**DATA SHOWN**
++++
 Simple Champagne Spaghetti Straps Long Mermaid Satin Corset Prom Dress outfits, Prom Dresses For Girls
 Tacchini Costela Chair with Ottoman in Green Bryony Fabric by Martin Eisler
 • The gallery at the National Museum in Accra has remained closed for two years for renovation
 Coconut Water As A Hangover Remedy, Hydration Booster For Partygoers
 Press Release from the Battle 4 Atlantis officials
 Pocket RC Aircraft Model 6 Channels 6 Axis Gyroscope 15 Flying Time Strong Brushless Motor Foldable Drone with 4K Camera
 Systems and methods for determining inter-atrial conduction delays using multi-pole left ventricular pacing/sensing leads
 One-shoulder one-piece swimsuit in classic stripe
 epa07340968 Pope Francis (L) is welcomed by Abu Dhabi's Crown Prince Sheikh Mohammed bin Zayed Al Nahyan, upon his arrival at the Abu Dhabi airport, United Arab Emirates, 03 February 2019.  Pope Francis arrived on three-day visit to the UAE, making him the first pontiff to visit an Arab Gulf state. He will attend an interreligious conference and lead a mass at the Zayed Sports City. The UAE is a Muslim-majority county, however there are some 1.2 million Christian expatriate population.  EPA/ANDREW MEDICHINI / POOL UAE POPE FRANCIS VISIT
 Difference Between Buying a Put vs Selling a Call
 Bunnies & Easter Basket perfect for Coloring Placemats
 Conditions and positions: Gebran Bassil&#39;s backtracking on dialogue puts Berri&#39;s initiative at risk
++++
**TASK DETAILS**
Wherever the string "with" appears in the data above, copy the line it sits in.

**ANSWER TO THIS EXERCISE**
 Tacchini Costela Chair with Ottoman in Green Bryony Fabric by Martin Eisler
 Pocket RC Aircraft Model 6 Channels 6 Axis Gyroscope 15 Flying Time Strong Brushless Motor Foldable Drone with 4K Camera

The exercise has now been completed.